Everything from the line with "Dig Down Deep (lead sheets)" through the final line of the listing below must be retyped exactly, apart from the pictures.

§ **Provided data**:

-----

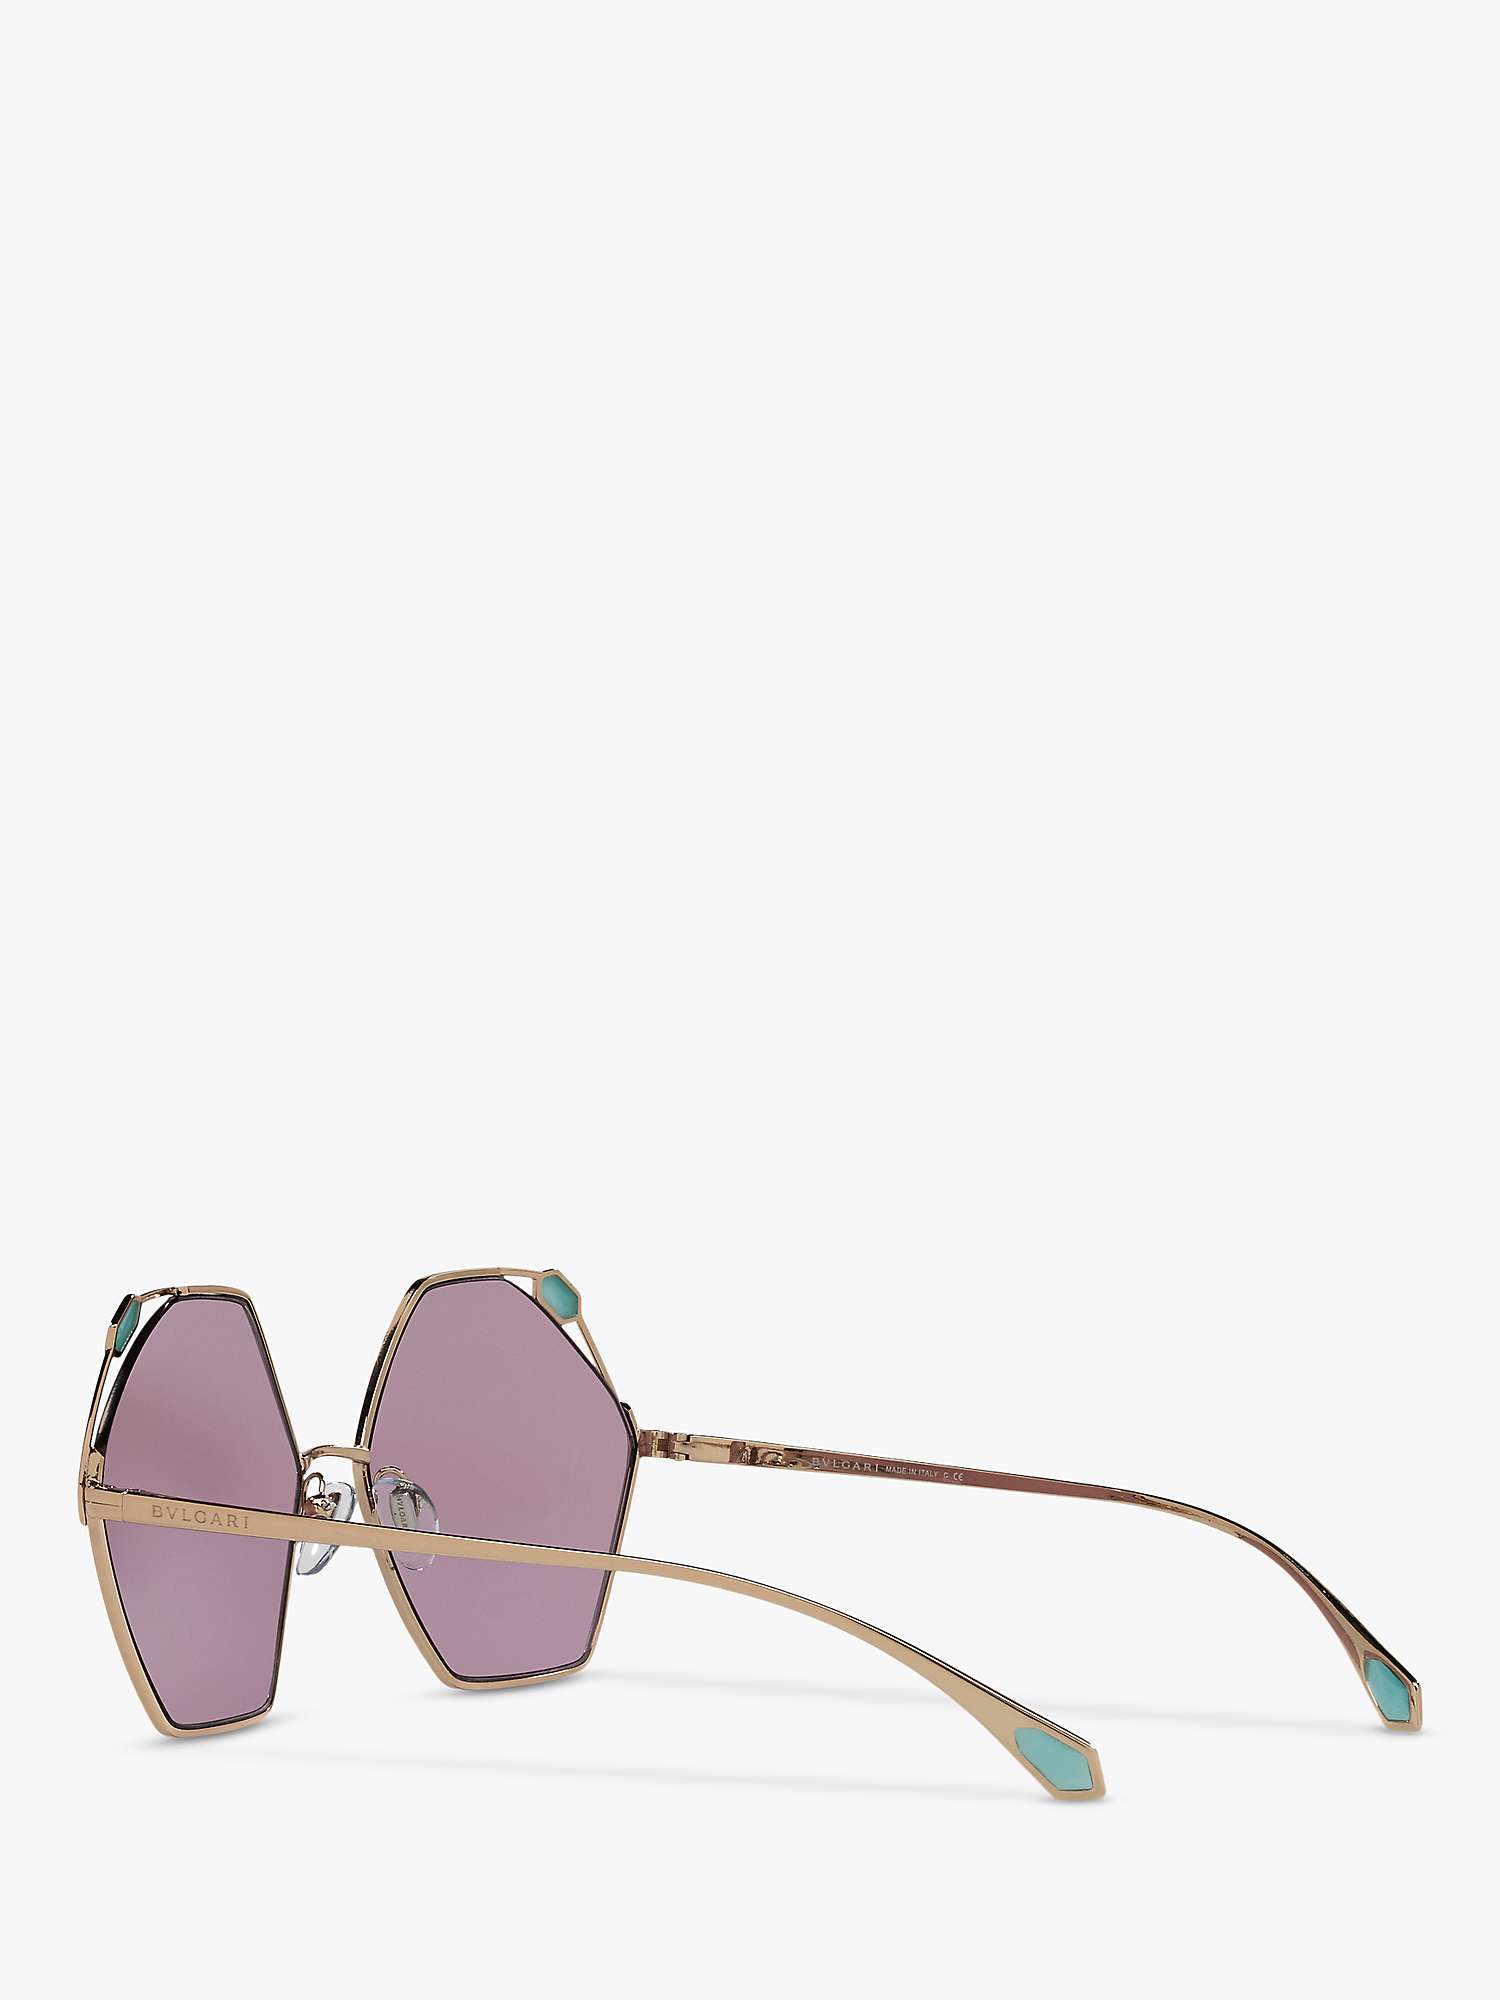 Buy BVLGARI BV6160 Women's Irregular Sunglasses, Gold/Pink Online at johnlewis.com
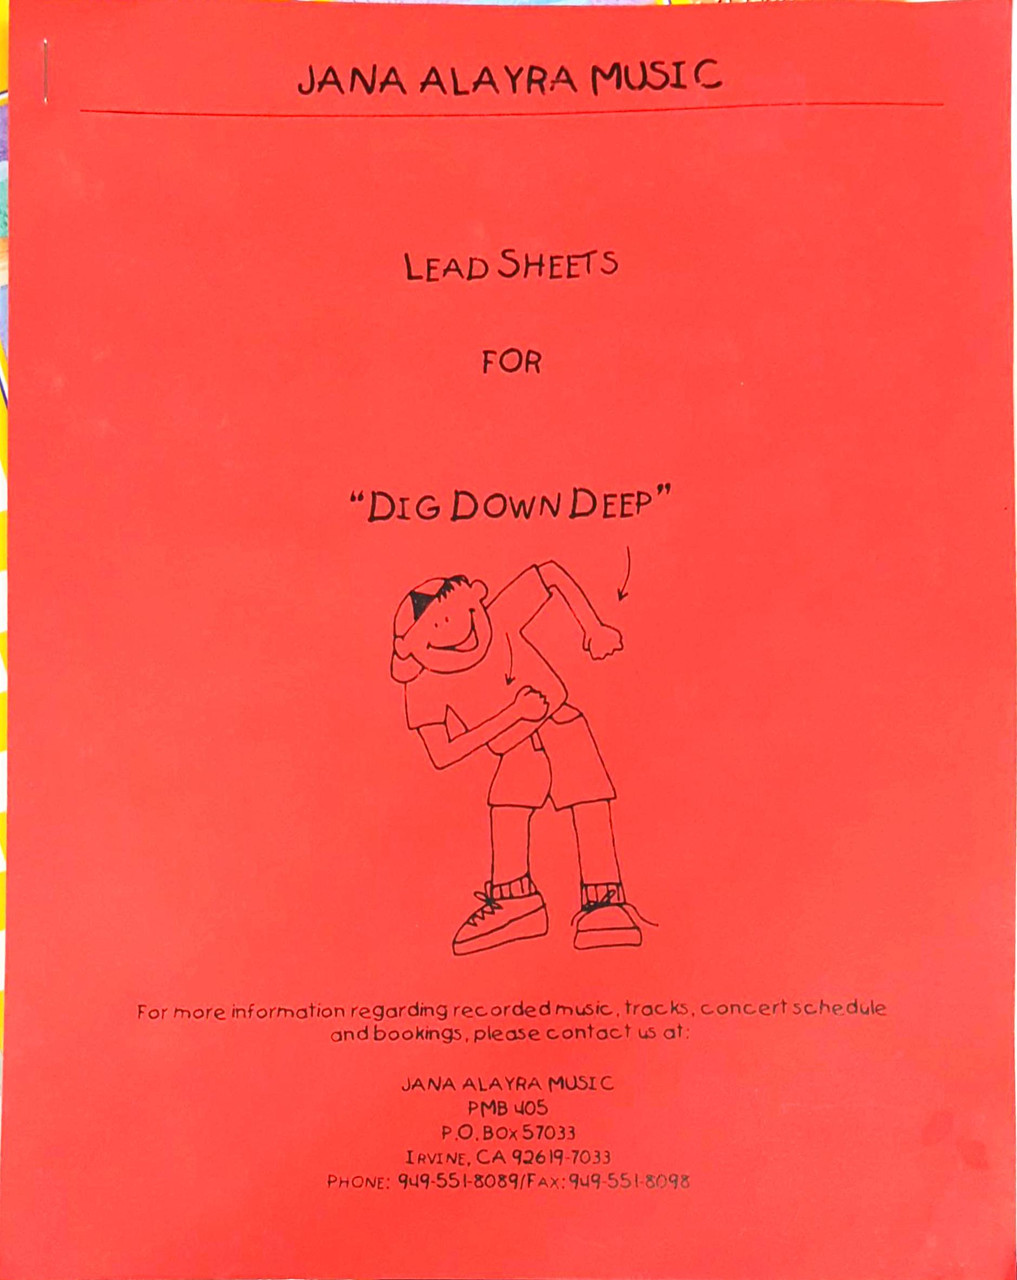 Dig Down Deep (lead sheets)
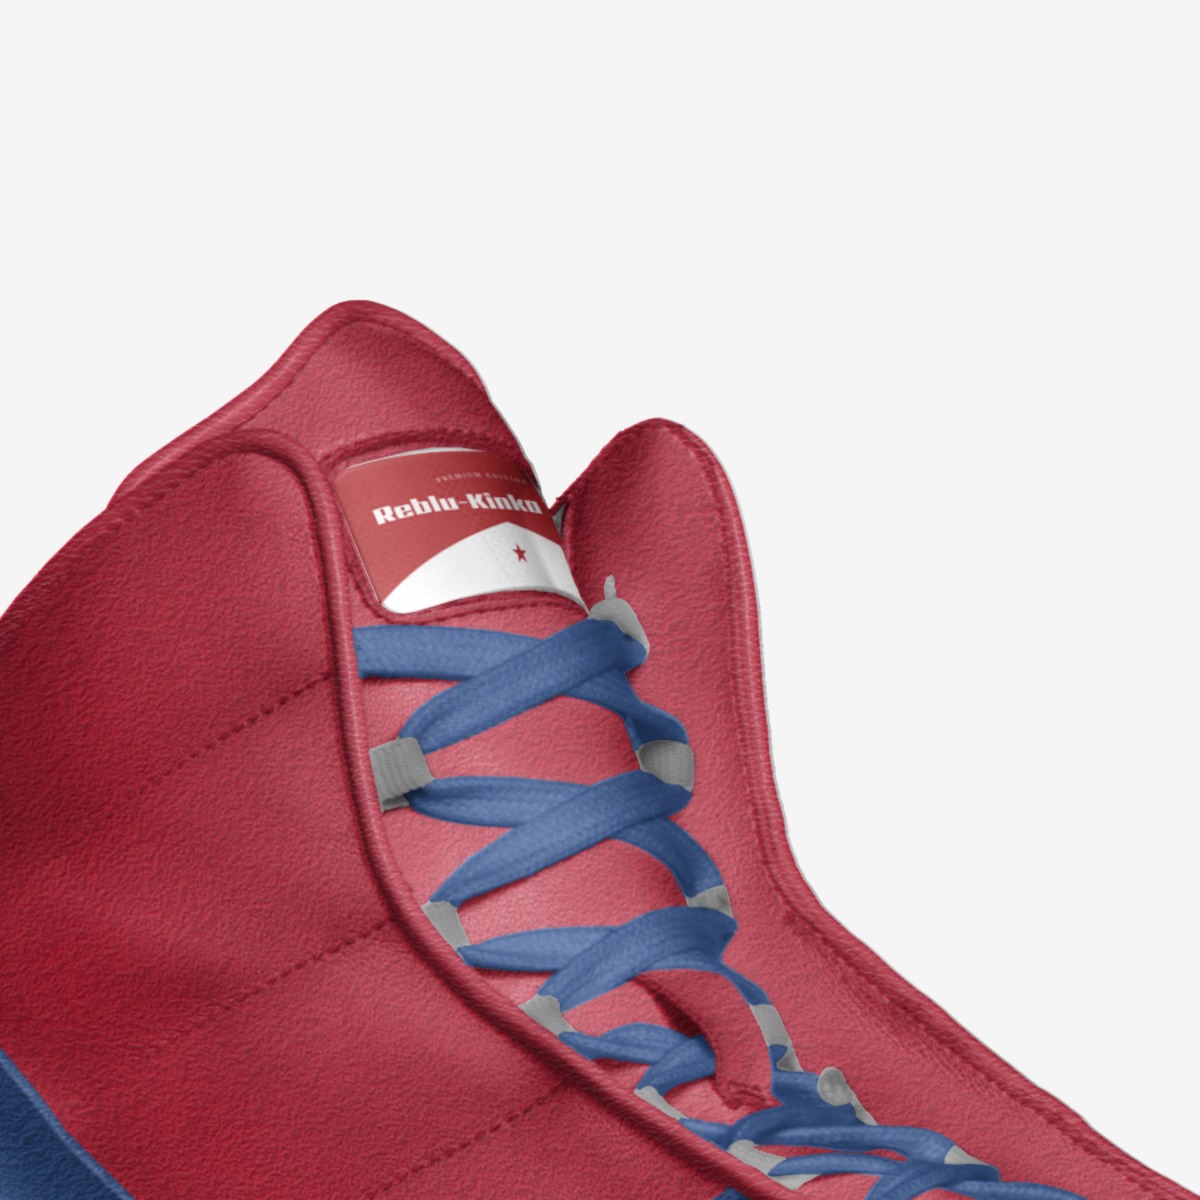 Reblu-Kinka T Kix  A Custom Shoe concept by Kinka T Kix

-----

§ **Output for this exercise**:
 Dig Down Deep (lead sheets)
 Reblu-Kinka T Kix  A Custom Shoe concept by Kinka T Kix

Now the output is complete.